Even in that defense, there was something strident and square about his response. He wasn’t a prima donna: He was the valiant protector of his movies’ noble intentions.
But where most would point to Waterworld or The Postman as his downfall, I keep returning to Truth or Dare. It’s not just the viciousness of Madonna’s sarcasm that gets me — it’s how Costner sincerely feels adrift in that environment, like he knows he doesn’t belong. We have this idea that movie stars are bigger than life, but in Truth or Dare, he shrinks before our eyes. Madonna eradicates him from view. She put him in his place. Most schmoozy star confabs are fawning affairs — everybody’s careful not to piss off anybody else because theirs is a small world of very connected, very powerful people — but Madonna didn’t mind letting the whole world know she thought Kevin Costner was lame.
“Generally, I tried to not just throw in arbitrary digs at people unless they were actually involved in an interaction with Madonna,” Truth or Dare director Alek Keshishian said in 2016 about that iconic moment, later adding, “The Kevin Costner thing says something about her when she puts the finger down the throat — about how she reacts to earnestness.” It’s the same reaction people generally have to sincerity. Maybe we admire it for a while, but eventually we tire of its wholesomeness — we love artists like Madonna who puncture such banality with wit and edge.
In 2007, Costner was asked about Neat-gate. “Yeah, I was embarrassed by it and kind of hurt by it,” he said. “I just went back there because I was asked to go back. And I found the best word that I could. I never called her on it or whatever.”
There was an all-hugs epilogue to the incident, though. In the early 2000s, Costner took his daughters to another Madonna concert. “I just thought this is somebody they should see,” he recalled in that 2007 interview. “I didn’t call anybody for tickets, I just got tickets and we went down. … And about the third song in, the lights were down, and she said, ‘I want to apologize to someone.’ And all of a sudden my face starts to get hot. And she says, ‘I want to apologize to Kevin Costner.’ She just said it very simply. Ninety-eight percent of that audience didn’t know what she was talking about. But I really respected that. … I never wrote her to say thank you, but I appreciate it from the bottom of my heart, and that meant more to me than you could ever know.” (Funny enough, People couched this story under the headline “Kevin Costner Forgives Madonna for Truth or Dare Diss,” as if she’d violated U.N. regulations by making a fellow star look nerdy in public in the first place.)
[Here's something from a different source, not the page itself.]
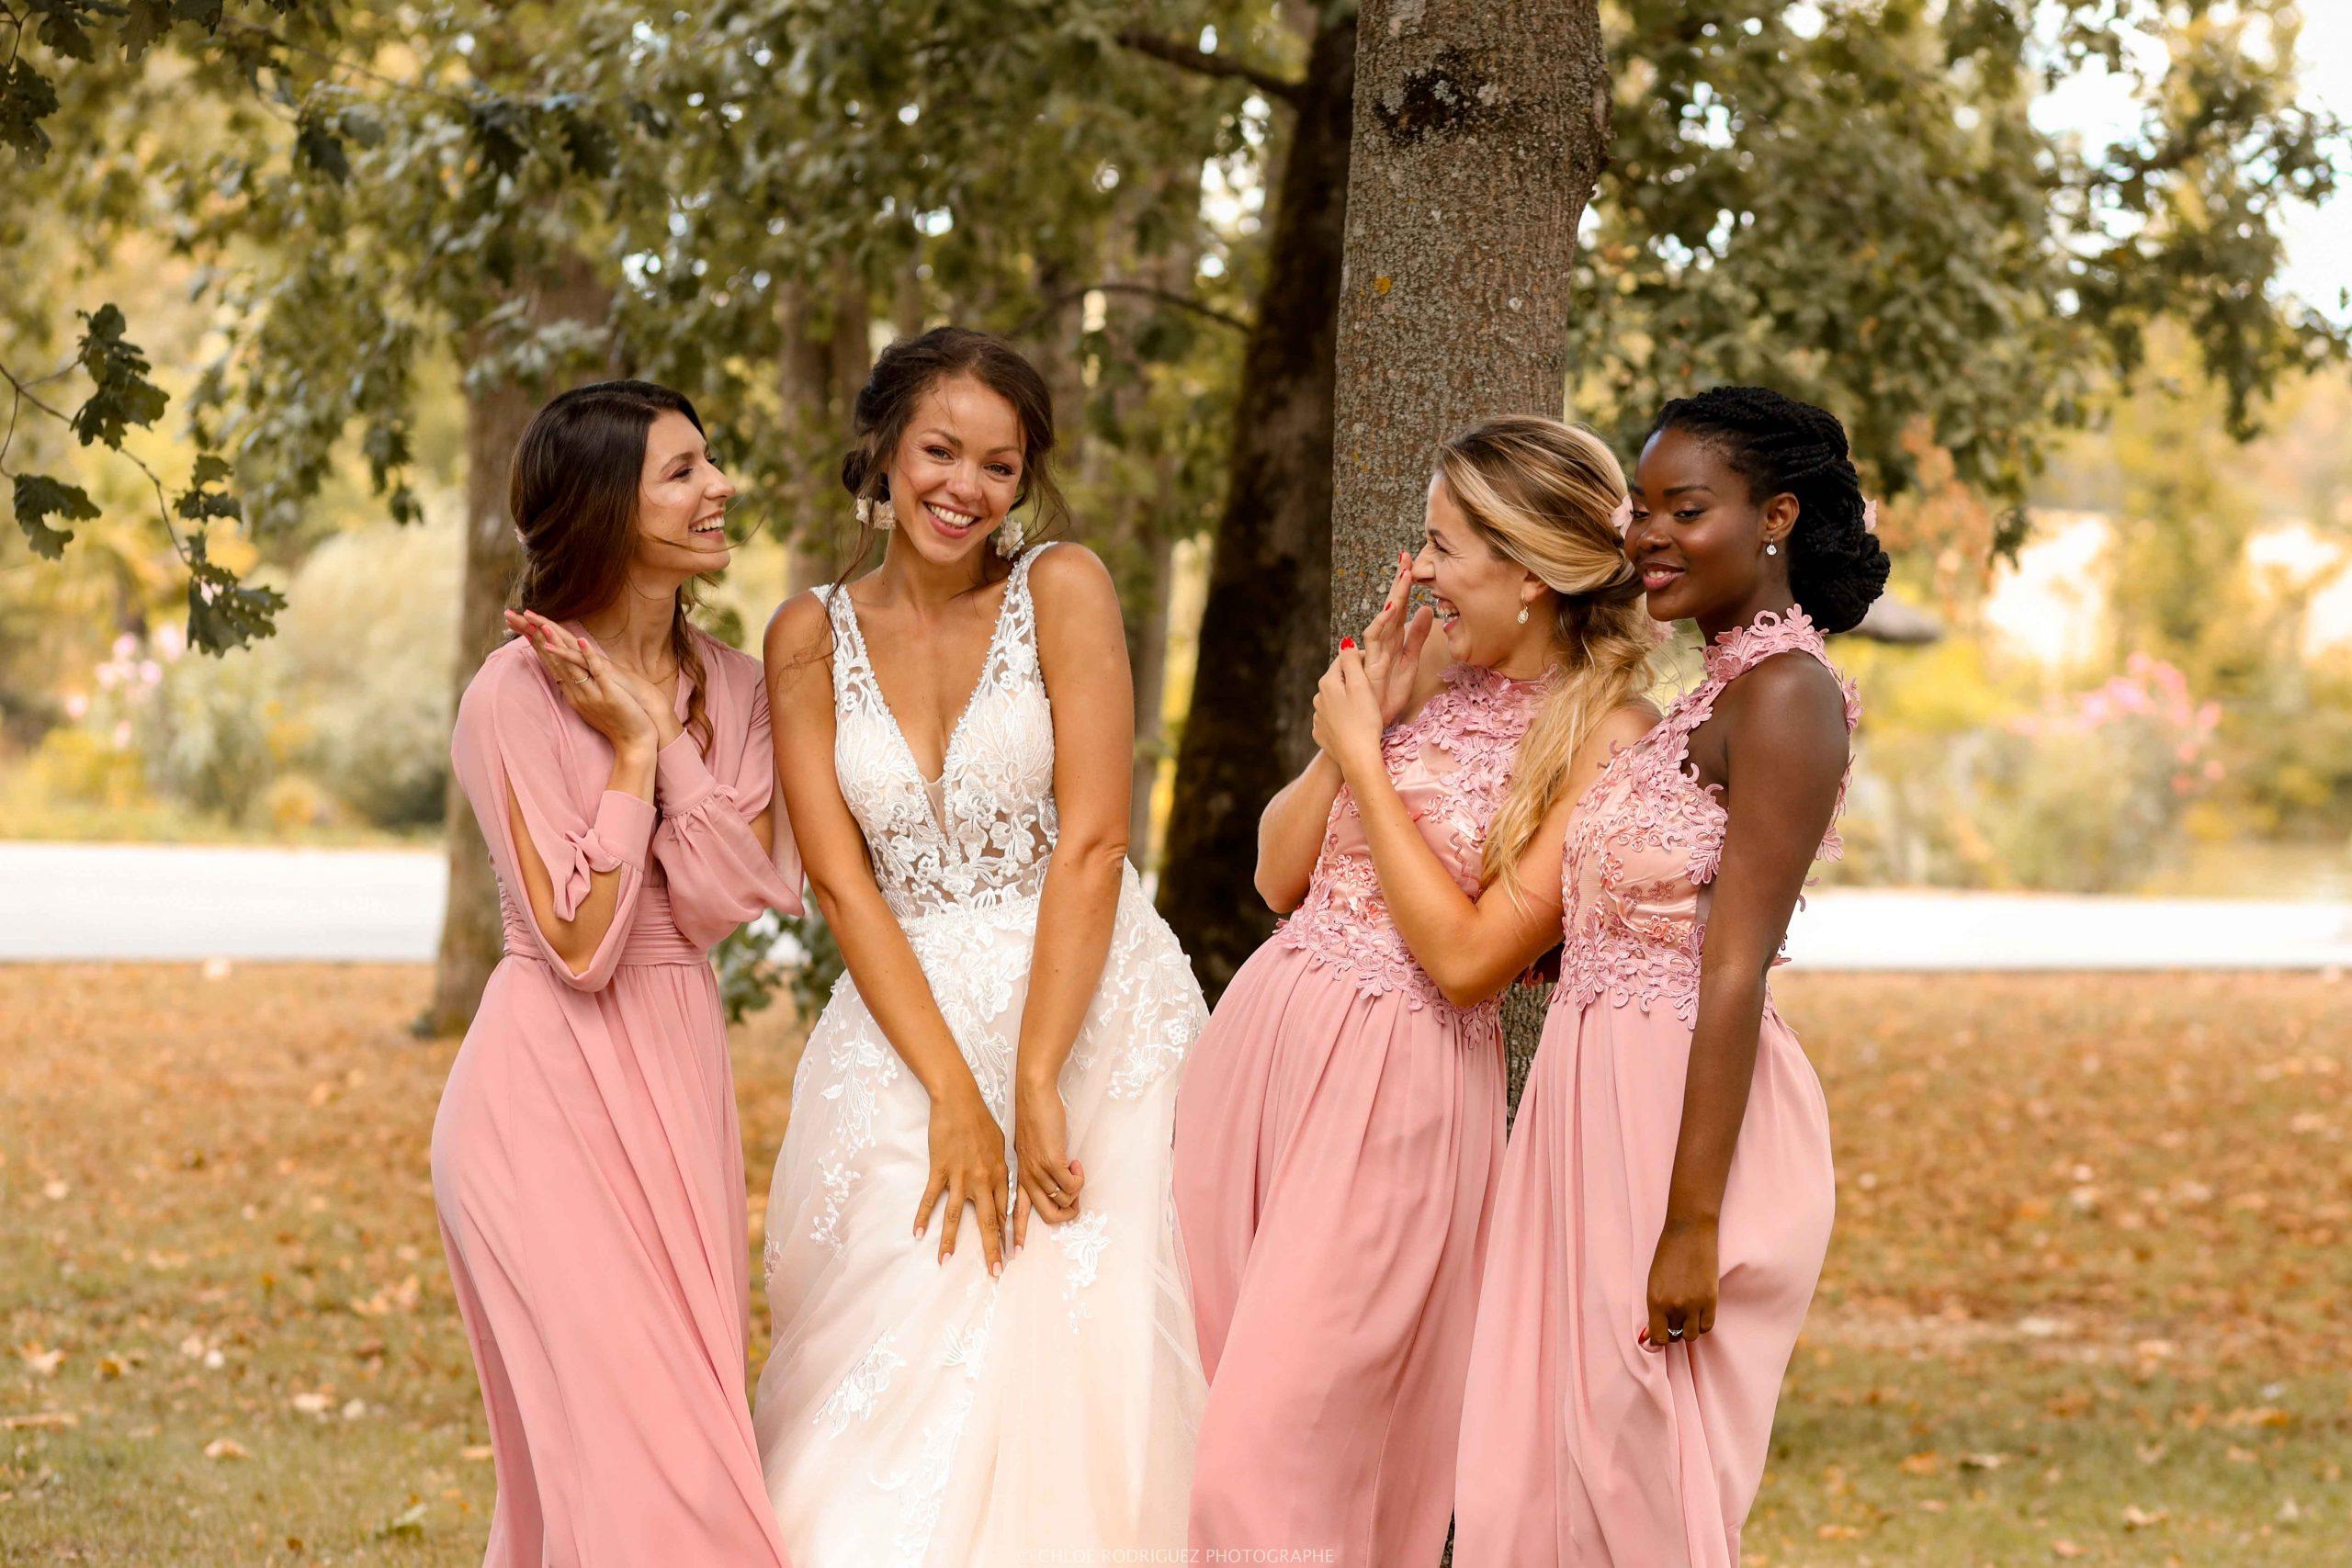 photographe mariages mariée souriante

In the social media age, Costner’s “neat” comment has been immortalized as one of the great facepalm celebrity-documentary moments. Was Madonna being “mean”? Oh, maybe. (As music journalist Bill Wyman pointed out at the time in the Chicago Reader, “[T]hey’d both been participating in the usual big-star backstage scene, and Madonna, on her home turf, with her camera going, takes advantage of the situation.”) But of all the films in Costner’s oeuvre, it’s funny that, in some ways, a few minutes in Truth or Dare define him as well as his own work. He walked into Madonna’s dressing room as one of Hollywood’s leading men. He walked out knowing exactly where he ranked in the celebrity firmament.
Some actors are popular, some are cool, and some are both. For better or worse, Costner was destined to be in that first category. He’s always said he wasn’t entirely comfortable with being a star. In Truth or Dare, he said the wrong thing at the wrong time. He was never more just like the rest of us than in that moment.